Cinsel sorunlar hem tip 1 hem de tip 2 diyabette görülüyor. Doğuştan kaynaklanan tip 1 diyabette en önemli sorun genelde nöropatik sorunlardır. Sonradan gelişen tip 2 diyabette ise psikolojik sorunlar karşımıza çıkar. Burada, eski sağlıklı günlerini arayan bir hasta grubu vardır.

Erkekler daha çok etkileniyor!
Diyabetin yarattığı cinsel sorunlardan erkeklerin daha çok etkilendiği görülüyor. Çünkü erkekte cinsel dürtünün başladığı andan orgazma kadar bütün süreçte vasküler yapılar ön plandadır. Ve ateroskleroz süreci o yüzden erkekte ilk baştan itibaren sertleşme probleminden daha ileri aşamalara kadar daha yoğun bir şekilde yaşanır. Ama olayın bir de şöyle bir yönü var; maalesef kadın hastalar, cinsel hayatlarındaki bu sorunları doktorlarına yeterince açık bir şekilde paylaşmıyorlar ve çekingen davranıyorlar. Kadınların cinsel sorunlarını yeterince açmamalarının, bu sonuca yol açtığı tahmin ediliyor.
Tedavinin başarıyla sonuçlanması için hastanın çok iyi sorgulanarak temel problemin ne olduğunun çok iyi anlaşılması gerekiyor.
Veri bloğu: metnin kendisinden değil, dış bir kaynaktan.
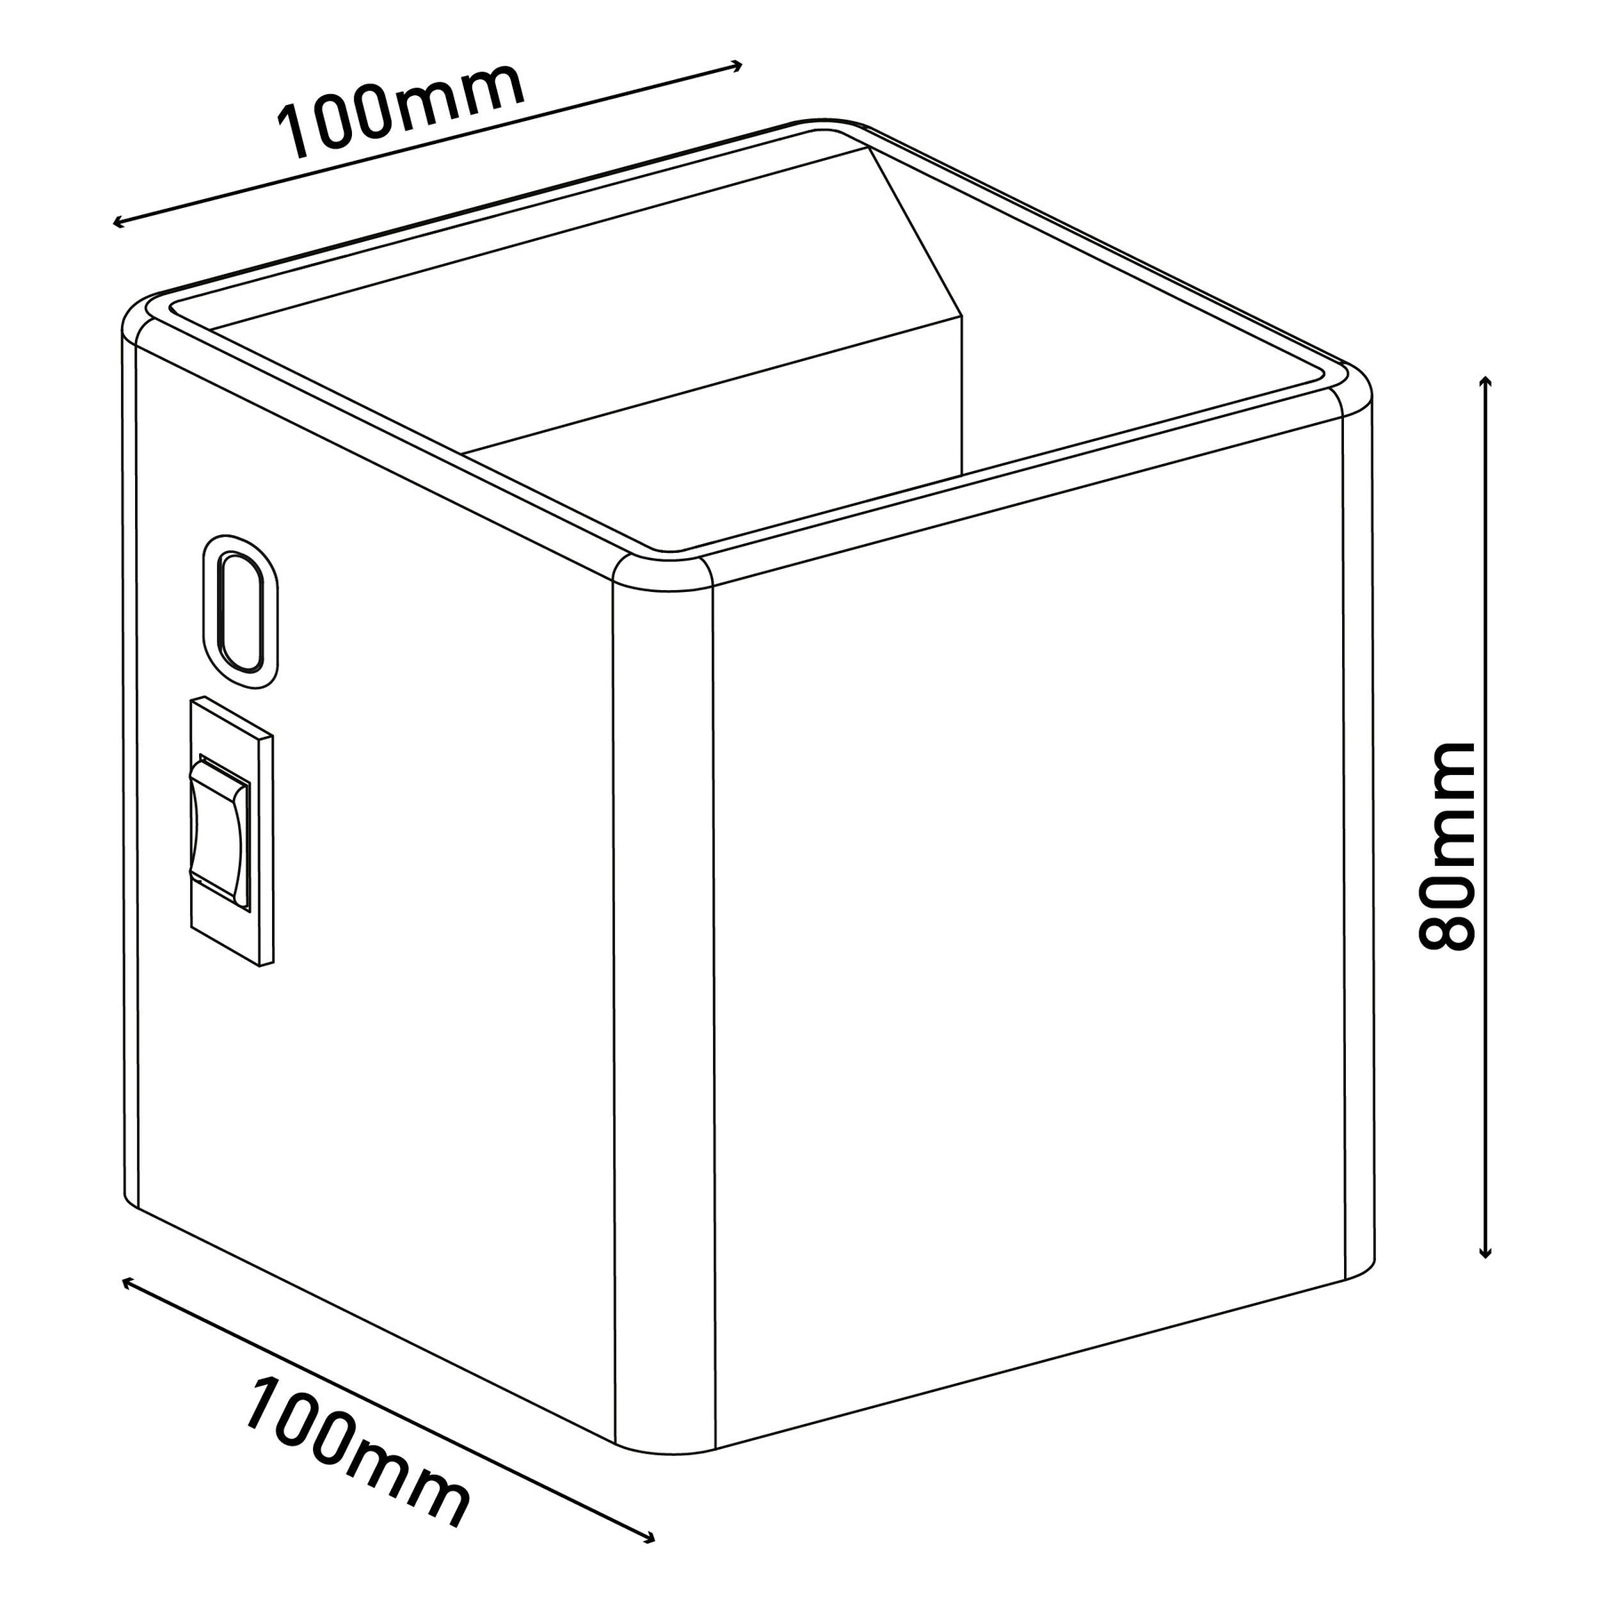 Cube LED wall light battery, magnetic, white

Psikolojik kaynaklı cinsel disfonksiyonlarda hasta gerekiyorsa terapiste yönlendirilmeli. Bu süreçte hastanın antidepresan ilaç desteğiyle, kontrol altındaki diyabetin aslında o kadar da korkulacak bir hastalık olmadığını anlaması yüz güldürücü sonuçlar alınmasını sağlıyor.

Damarsal problemlerin tedavisi ise zaman, sabır ve multi disipliner yaklaşım gerektirir. Tedavi sürecine ürolog, jinekolog, endokrinolog, psikolog ve hatta kardiyolog da dahil olmalıdır.

Özetle söylemek gerekirse aslında diyabet, cinsel hayatın sonu değildir. Ama diyabetikler, hayatın diğer alanlarında olduğu gibi cinsel bakımdan da farklı yaşarlar. Diyabet kötü kontrol edildiğinde maalesef hayatı kısaltan bir hastalık. Dolayısıyla kötü kontrol edilen bir diyabetin yaşam kalitesini bozduğunu ve cinsel hayatı kötü etkilediğini söylemek mümkün.